Ballumbie Castle was built by the Lovell family.

The Royal Commission on the Ancient and Historical Monuments of Scotland record the date of construction as 1545, although Historic Scotland give a date of 14th–15th century. The castle comprised a rectangular enclosure, approximately 21 m on a side, with round corner towers, overlooking the Fithie Burn.

In the early 17th century it passed to the Maule family, who became Earls of Panmure in 1646. The castle was reported as being ruined by 1682, although the remaining east and south walls were later incorporated into the stable block of Ballumbie House.

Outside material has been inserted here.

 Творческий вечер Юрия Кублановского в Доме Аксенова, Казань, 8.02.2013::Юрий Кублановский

Today the castle is a ruin again, in private ownership. Access is prohibited beyond the castle's security fencing for reasons of personal safety.

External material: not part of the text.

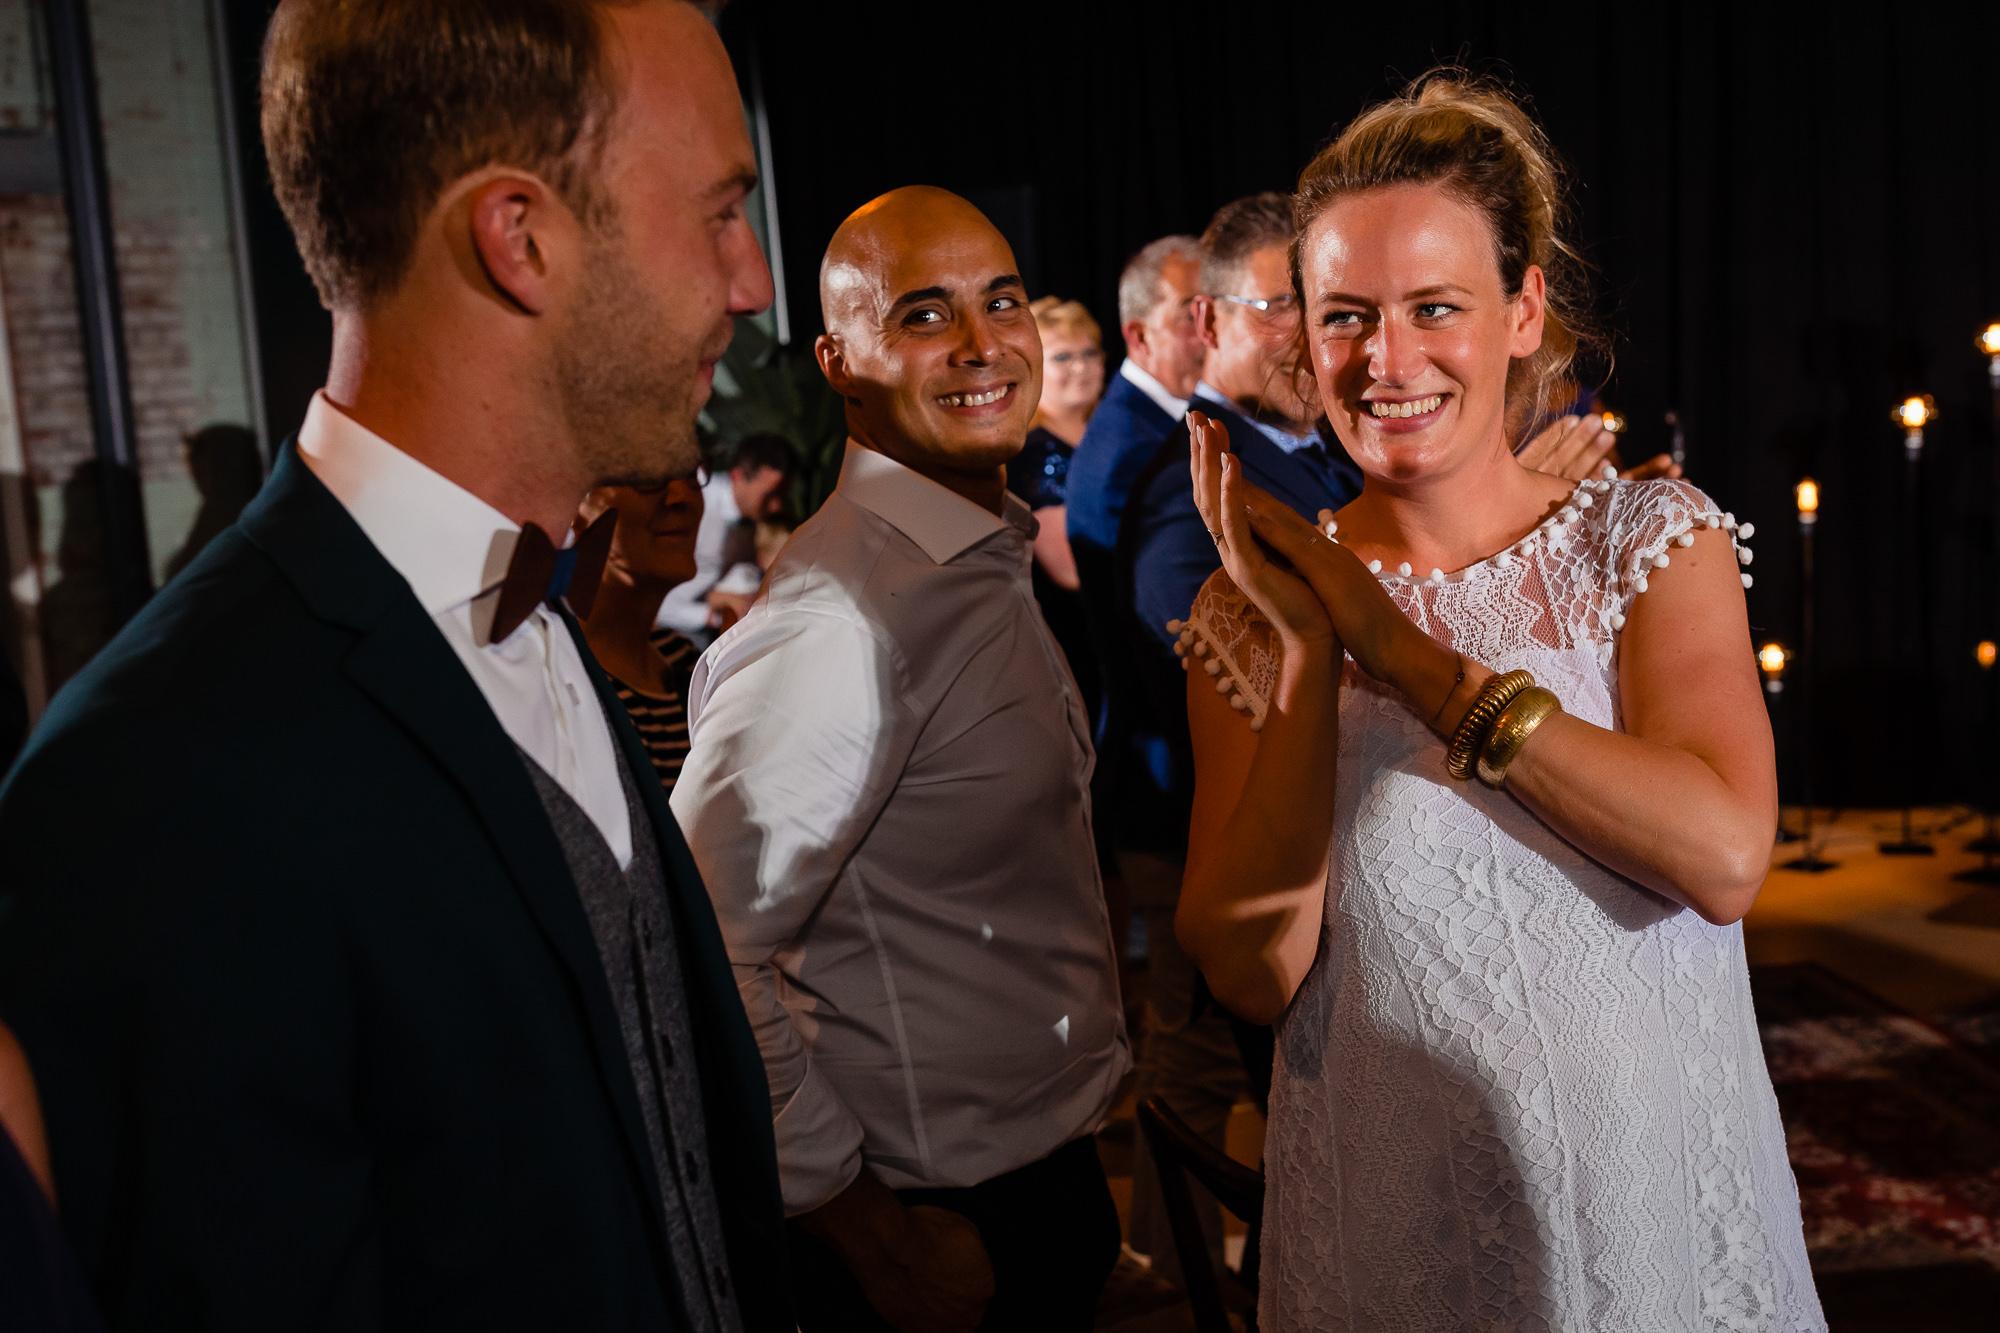 Weddingplanner kijkt vol trots naar de bruidegom

The lands surrounding Ballumbie Castle are known as the Ballumbie Castle Estate, and the lands of Ballumbie Castle remain the caput of this property. These are distinct from the lands of Ballumbie, which were last in the possession of Robert Williamson of Ballumbie, hence there is a Laird of Ballumbie Castle as well as a Laird of Ballumbie.

==Ballumbie House==
In 1810, the Ballumbie House was constructed adjacent to the castle, for David Miller. It was a two-storey classical house, with an ice house and stable block, pond complete with flamingos which incorporated the remaining parts of Ballumbie Castle. By 1902, the house was the property of Alexander Gilroy, a merchant, who commissioned architect James Findlay to carry out alterations. The house was remodelled in an Arts and Crafts/Scottish Baronial style. It was converted for use as a hotel, operating from 1965 to 1981, after which a fire in 1982 gutted the building. After over twenty years as a roofless shell, the house was rebuilt as flats, while some 230 houses were constructed in the grounds.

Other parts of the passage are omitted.